Frugality 101: What to Consider Before Spending Your Hard-earned Money

Wise people are frugal. Even though social media, television, or mobile applications are riddled with ads, frugal people don’t bat an eye when they see advertisements of products they don’t need.

Advertisements are designed to manipulate our choices in a way we do not even realize, leading to overspending. Thus, you have to keep a level head when presented with an opportunity to buy and ask yourself these questions first.


  1. Is it necessary? 

Before checking out items on your cart, you have to assess whether it falls under the category of needs, wants, or discounted items. Sometimes, we can also trick ourselves into thinking that a product is necessary even though we know deep down that it is not. However, it is acceptable if it is just a want, especially if it is a reward for your hard work. Still, you have to be mindful and intentional with your purchases. Otherwise, you’ll see yourself piled up with unnecessary things exchanged for your hard-earned money. Plus, those unnecessary things can consume space that can be used for essential things instead.

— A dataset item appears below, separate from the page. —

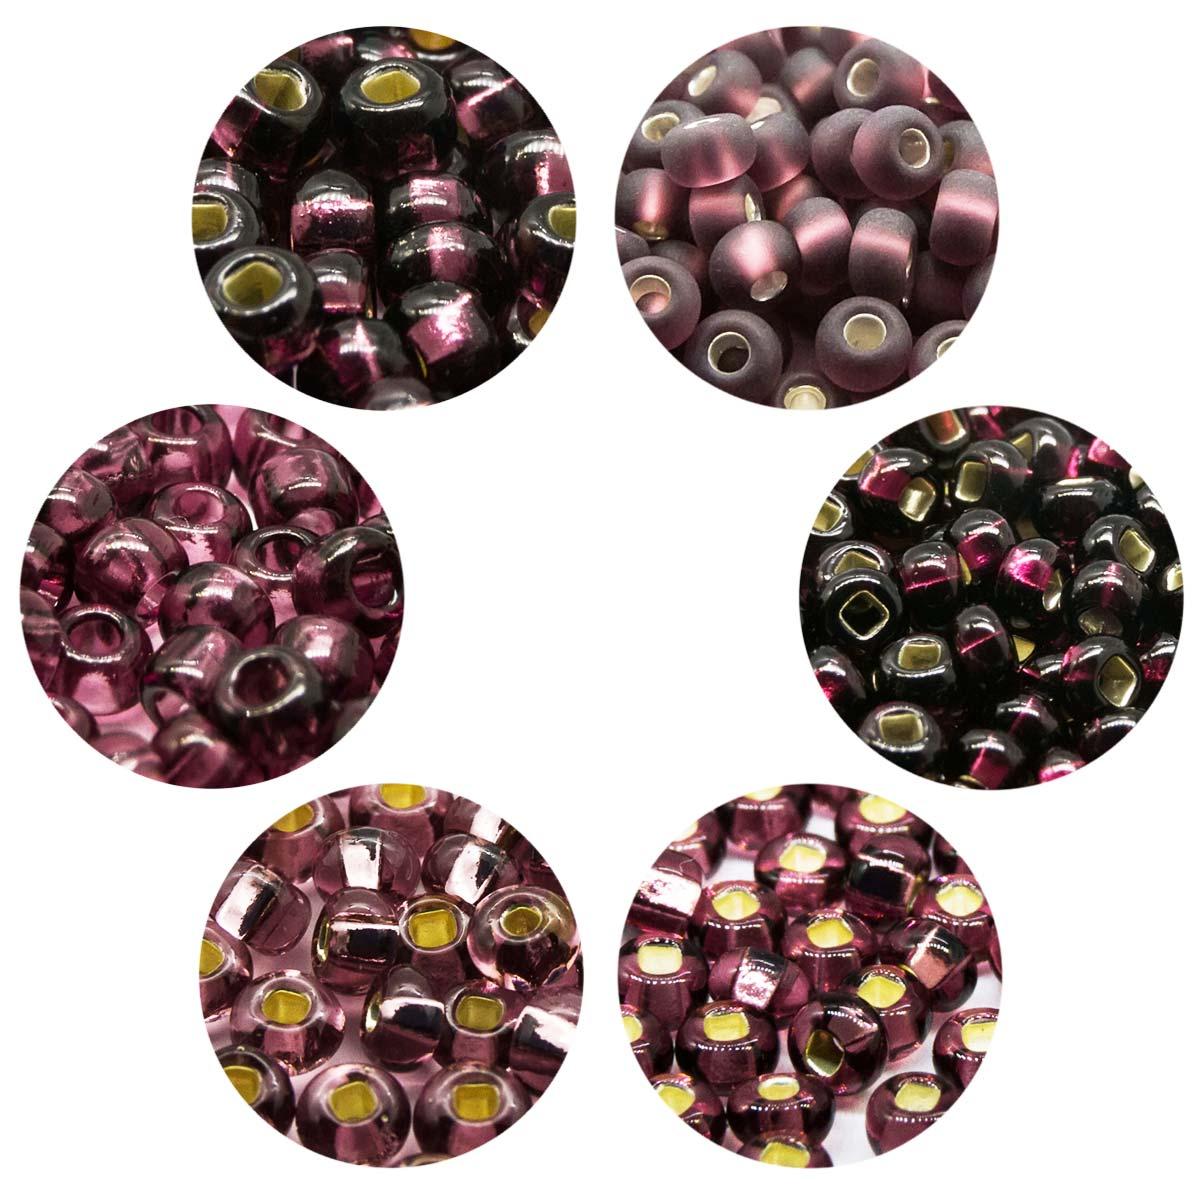 Набор бисера 11, размеры 7-10/0, 6 цветов, 6 (+/-0,5) гр, Preciosa

If you’re still itching to buy something after thoughtful consideration, ask yourself follow-up questions:

  • “How long will I be using it?” You’d like to consider this since the item can be functional at first but can end up in the trash or be kept in storage. 
  • “Until when will it make me happy?” If you buy out of sheer happiness, that’s okay. Just take into account that happiness is fleeting, and money can be hard to earn. 
  • “Is there something else that will give me joy?” Some people buy things out of pure boredom. Take a look at what you have and other activities that you can enjoy first before deciding that such a purchase will be the source of your happiness. 


  1. Can I afford it?

Financial gurus usually discourage people from using credit cards, particularly people who do not have self-control and are prone to falling into a debt trap. Yes, swiping is easy, which makes the fight against temptation harder. However, you won’t want to end up in bad personal debts, primarily for things that you couldn’t afford in the first place. There is a follow-up question you need to answer to know whether you can afford something: “Have I saved enough for my emergency fund?” This three to six months’ worth of rainy day savings should be prioritized. 

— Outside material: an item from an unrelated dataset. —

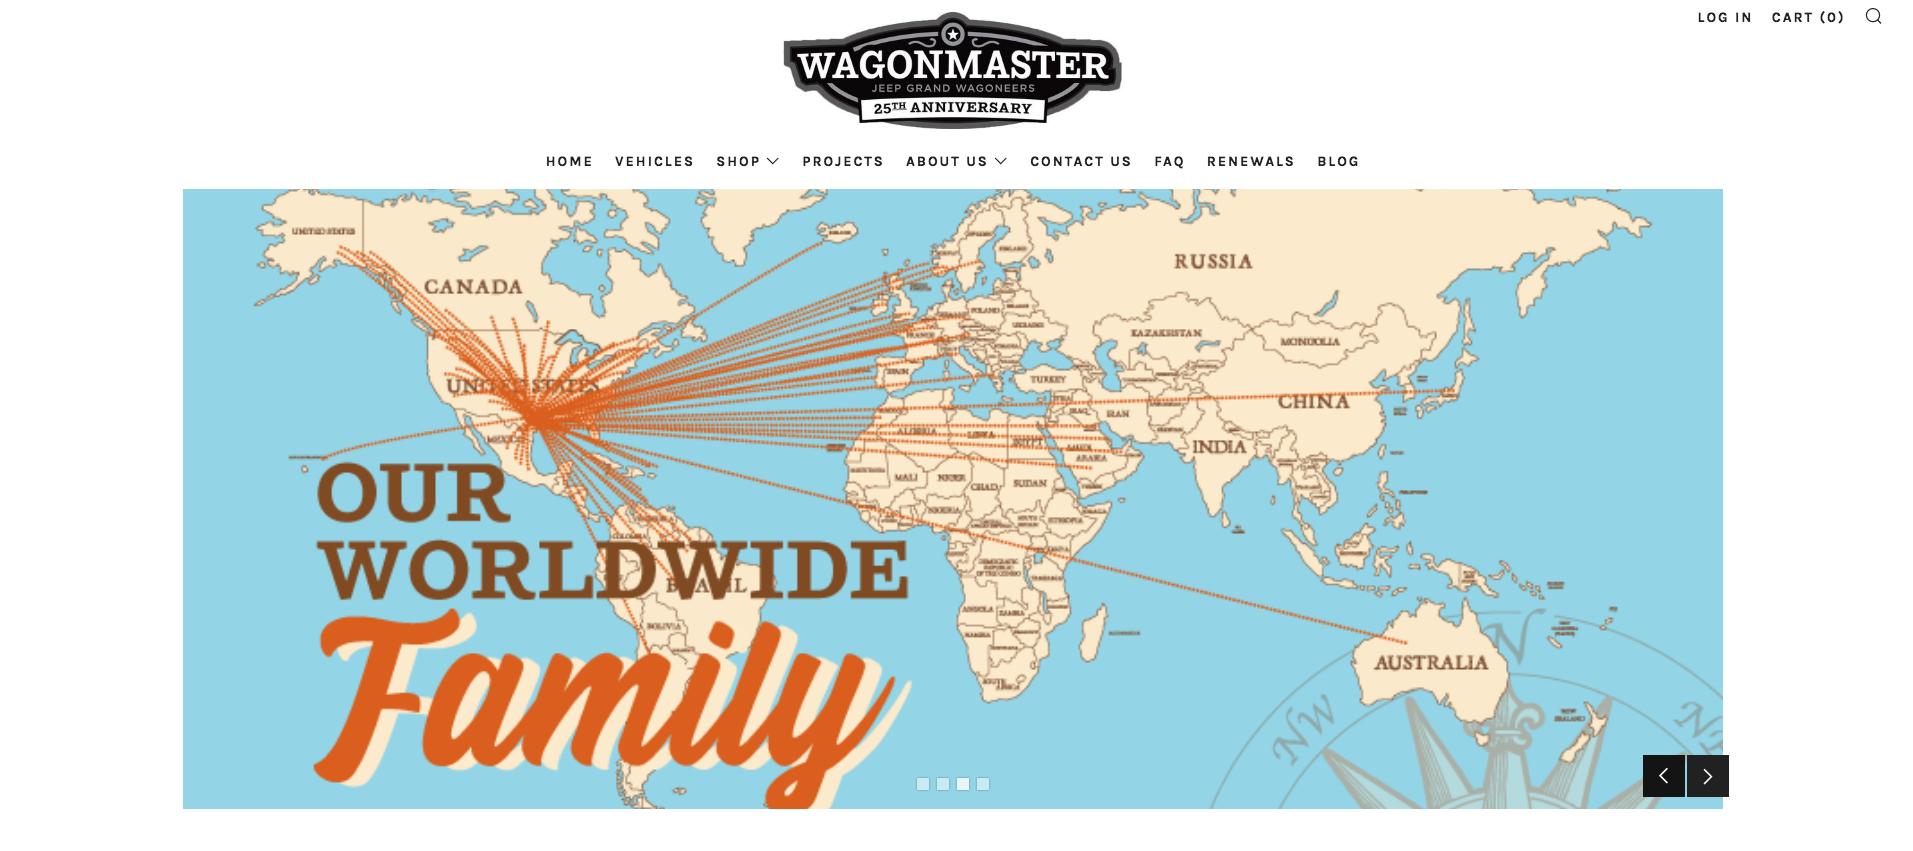 Wagonmaster banner

  1. Is the product worth it?

If something seems to be affordable, ask yourself what the hidden costs are. People tend to have a late realization that their purchase is actually several times higher than its original price. This is especially true for big purchases since the entrepreneurs will present payment structures that will convince you that you are getting a good deal. 

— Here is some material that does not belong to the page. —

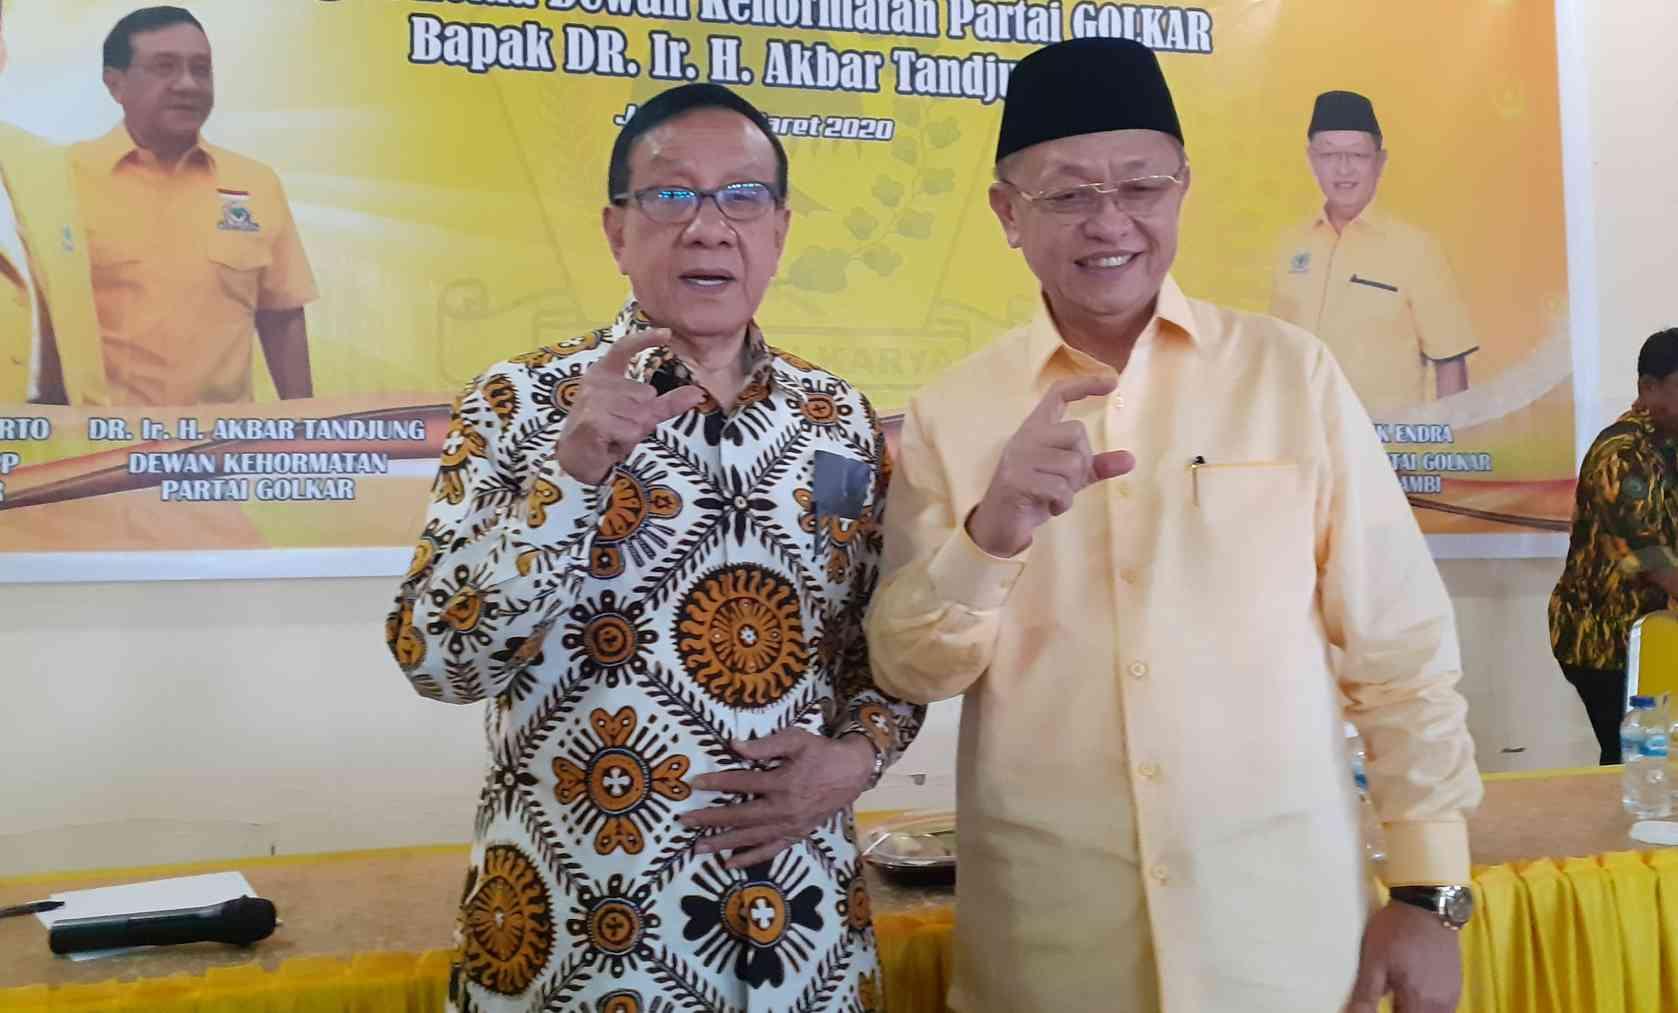 Bacagub Jambi, Cek Endra saat bersama Akbar Tanjung

For example, buying a car will require you to refill gas, pay tolls, get insurance, and do maintenance.

Also, it’s easy to fall in love with a house, especially when you and your partner have been searching for a long time. Though you might be tempted to sign the deal immediately, do not forget to conduct a full home inspection, do a background check on the homeowners, do your due diligence, and compute the hidden costs. Most people think that a house is a good investment, and it is—when the time comes and the value appreciates. However, there are tons of hidden costs in owning one, and you should be prepared to cover those as well. 


  1. Why am I buying it?

The worst reason to buy something is to just keep up with the Joneses. Aside from the fact that you are trying to outdo someone and not doing it for yourself or your family, it can also lead to obsessive spending behavior that will cause stress, anxiety, financial ruin, and even familial strain. Also, do not be pressured into buying something when you know that it will not benefit you in any way. Some salespersons are excellent at their jobs and have mastered the art of persuasion. You might also encounter a friend who is guilt-tripping you into buying something even though it is not within your budget. Thus, you have to develop a mindset that you won’t get it if it’s not within the budget. But if you think that it will improve the quality of your life, go ahead. 


While it is okay to treat yourself once in a while, remember to wait for some time—specifically for major purchases. Always ask yourself why. If you think the item is necessary, beneficial, and affordable after careful consideration, you shouldn’t hesitate to buy it.


Meta title: What to Consider Before Buying Something
meta desc: Although some say that money can’t buy happiness, it can buy the things that will make us happy. However, there are questions that you have to ask yourself before saying goodbye to your hard-earned money.